Meet Isaac 1: The $7,999 Home Robot That Folds Your Laundry and Tidies Your Rooms
San Francisco startup Weave Robotics is taking pre-orders for a wheeled, cartoon-faced humanoid robot designed to handle daily chores. Deliveries start this autumn.

Key points
- Weave Robotics priced Isaac 1 at $7,999 upfront, or $449 per month on a subscription plan.
- The robot adjusts in height from 3 feet to 5 feet 9 inches, letting it reach the floor and high shelves.
- Isaac 1's battery lasts eight hours and recharges fully in two hours.
- Camera shutters on the robot's head give a clear visual signal showing when it is actively working and when it is not.
- Weave Robotics plans to begin deliveries in autumn 2025.
A home robot that folds laundry, makes beds, and picks toys off the floor sounds like science fiction. Weave Robotics, a startup based in San Francisco, wants to make it a Tuesday morning.
The company has just unveiled Isaac 1, a wheeled home robot designed to handle the kind of low-level chores that eat up hours every week. It costs $7,999 to buy outright, or $449 a month if you would rather spread the cost. Deliveries are scheduled to start this autumn.
Isaac 1 is not the tall, intimidating humanoid you might picture. It has a cartoon-like face, a body wrapped in soft, swappable fabric, and a wheeled base that keeps it stable without needing to balance on legs. The design is deliberate. Weave wanted something that feels safe to have around the home, not something that makes the cat flee the room.
The height is where it gets clever. Isaac 1 can collapse down to 3 feet tall to pick items off the floor, then extend up to 5 feet 9 inches to reach a counter or a shelf. Two arms fitted with two-finger grippers handle the actual grabbing and placing.

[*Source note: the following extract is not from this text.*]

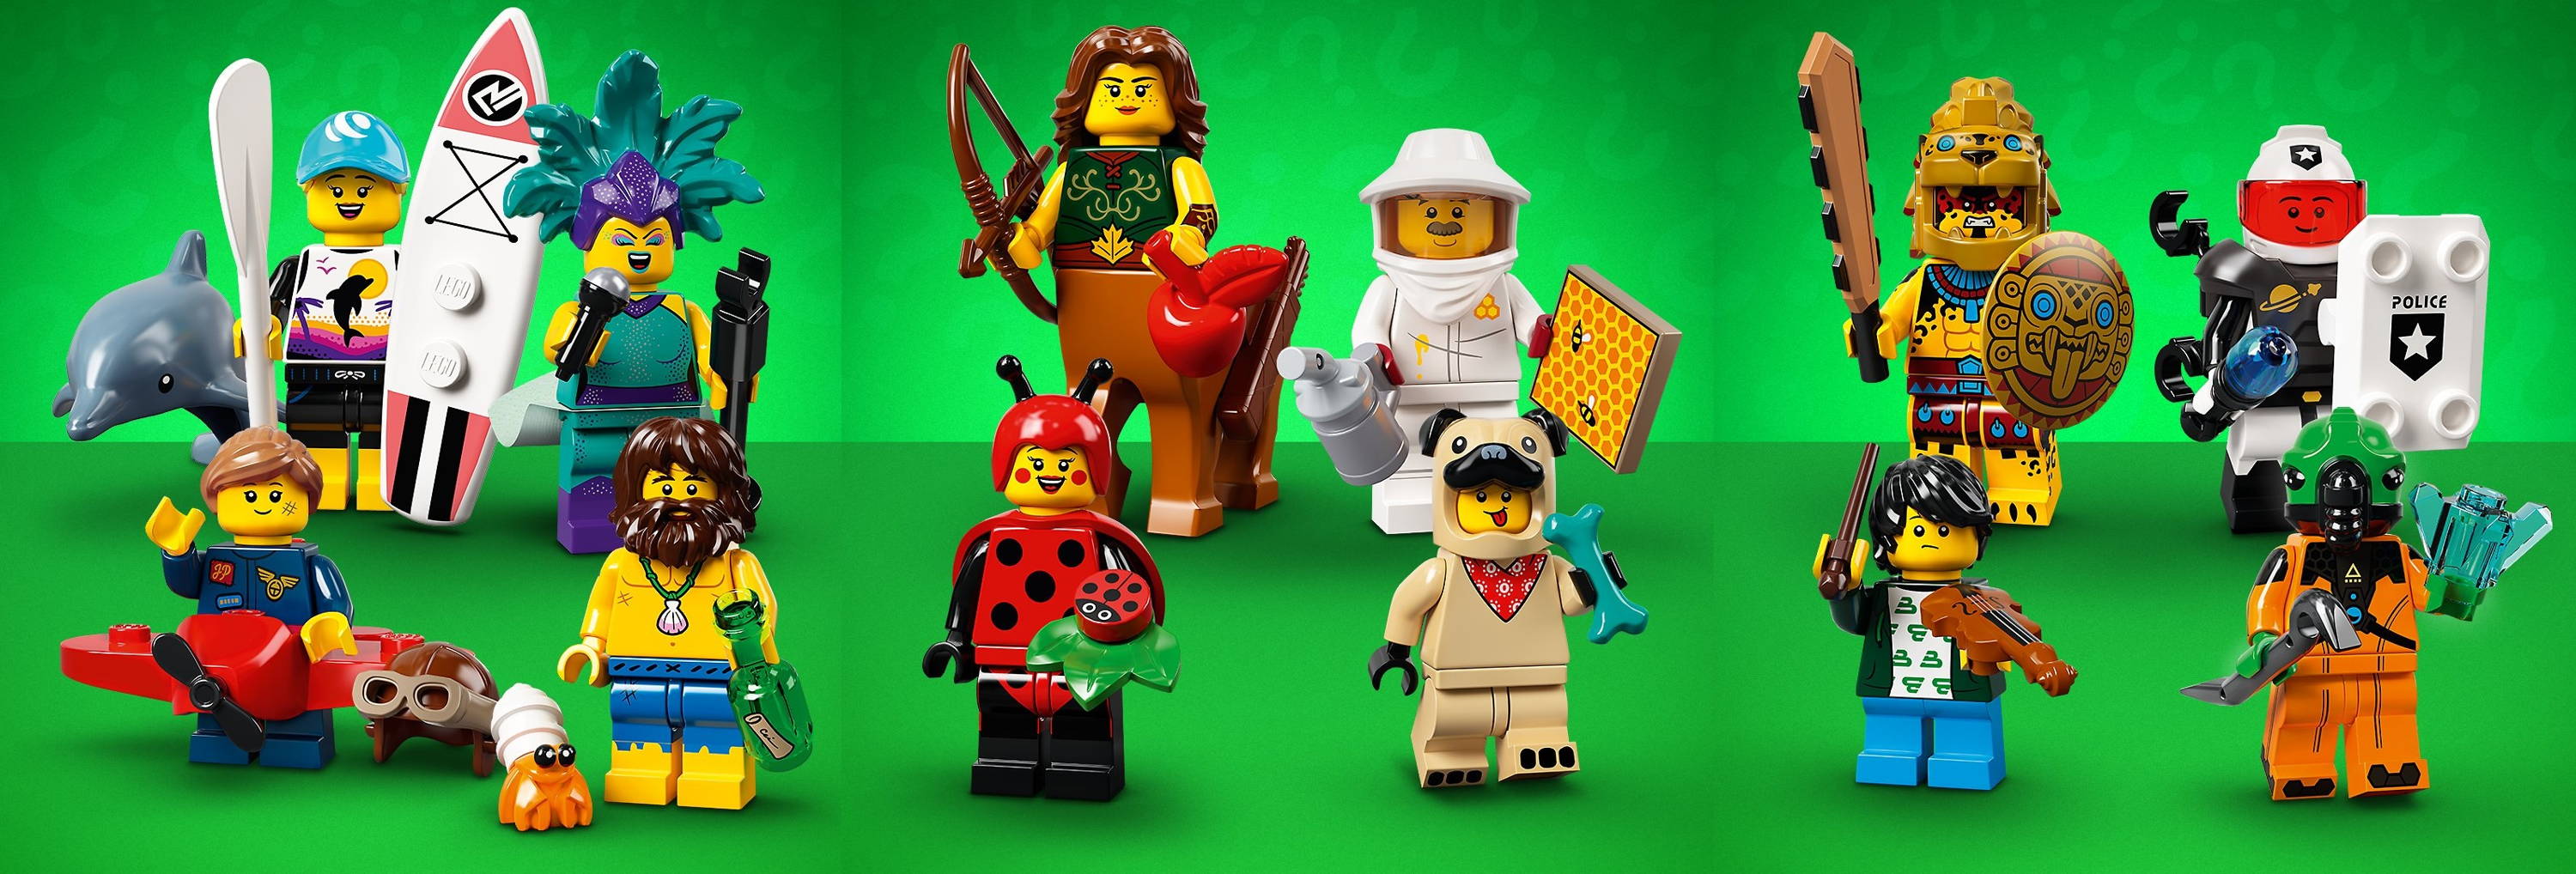 List of Actors that have nine Minifigures: Dee Bradley Baker – Sandman (Marvel Super Heroes), Gregor (Star Wars), Tick Tock Croc (Jake and the Never Land Pirates), Thi-Sen (Star Wars), Onaconda Farr (Star Wars), Commander Gree (Star Wars), Saesee Tiin (Star Wars), Commander Wolffe (Star Wars), Commander Fox (Star Wars), Commander Cody (Star Wars), Captain Rex (Star Wars), Clone Trooper(s) (Star Wars), Momo (Avatar: The Last Airbender).  Any additions to this list, you should feel free to add them in the comments section. 
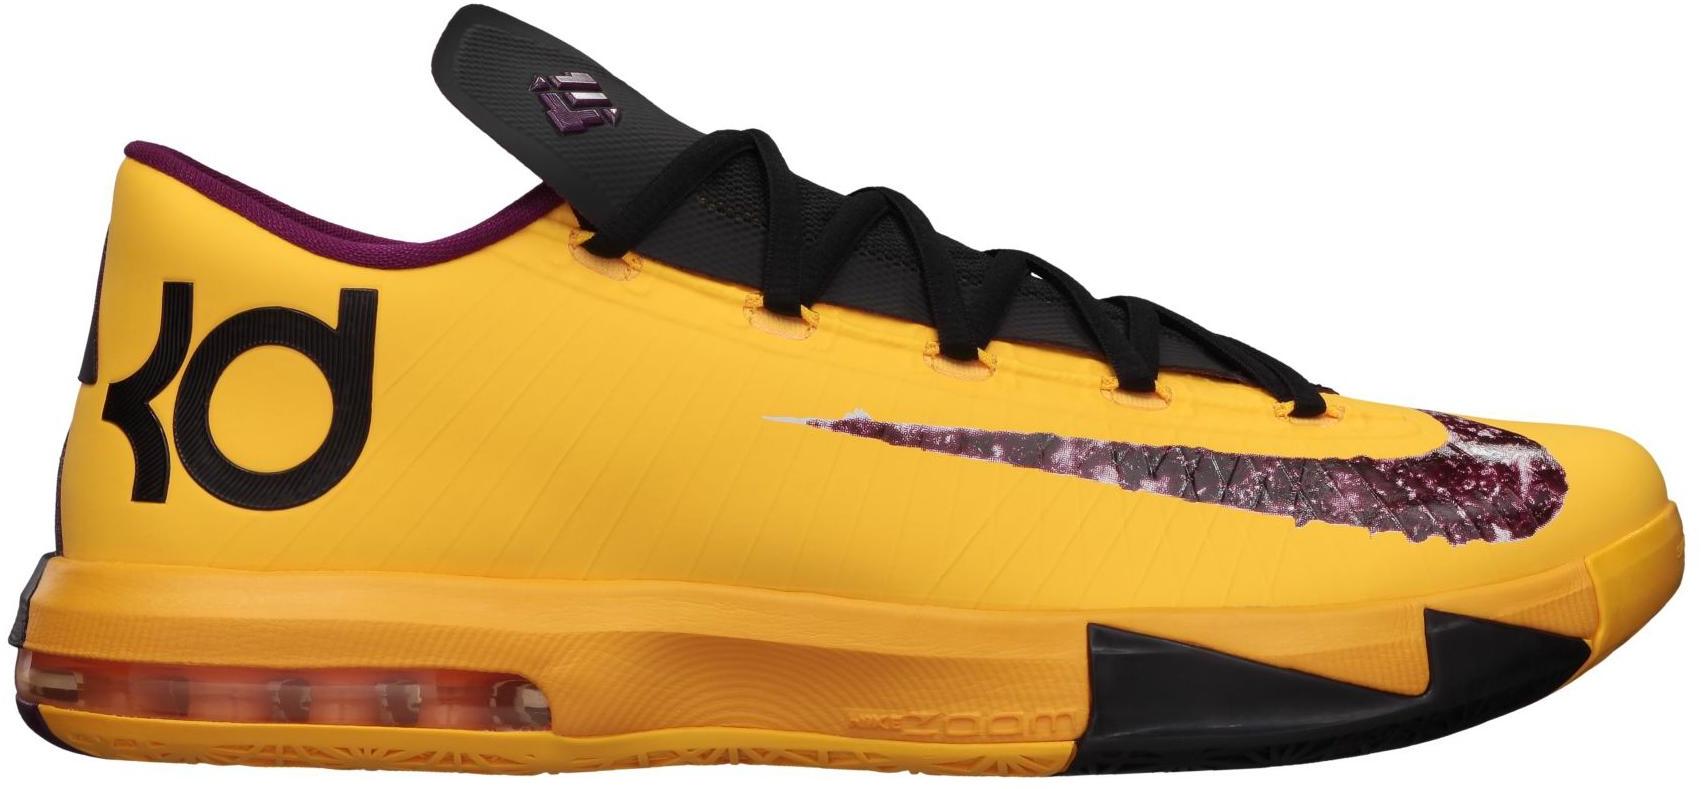 peanut butter and jelly kds

The robot navigates your home on its own, moving from room to room to finish a task or rolling back to its charging station between jobs. You schedule tasks through a companion smartphone app and can check in remotely while you are out, so you could start a laundry fold from your lunch break.
Practical details matter here. Eight hours of battery life covers a full working day. A two-hour recharge means it is not sitting idle for long. The charging dock also includes a privacy screen so the robot is out of sight when it is resting.
Should owners worry about being watched?
No, and Weave has thought about this specifically. Isaac 1 has physical shutters that close over its head cameras when the robot is not actively working. You can see at a glance whether it is switched on and observing, no guesswork required. That kind of visible, physical privacy cue is rare on consumer robots right now.
Isaac 1 is not Weave's first robot. The earlier Isaac 0, first reported by The Robot Report, was a stationary model that folded laundry at home and at commercial laundry services in the San Francisco area. That experience trained the AI model, the decision-making software, that now powers Isaac 1's broader skill set.
Isaac 1 receives ongoing software updates over time, meaning its abilities should improve the longer you own it. Whether the price point finds an audience will be the real test. At $449 a month, you are spending about the same as a part-time cleaner. The question Weave has to answer is simple: can a robot actually do the job well enough to be worth it?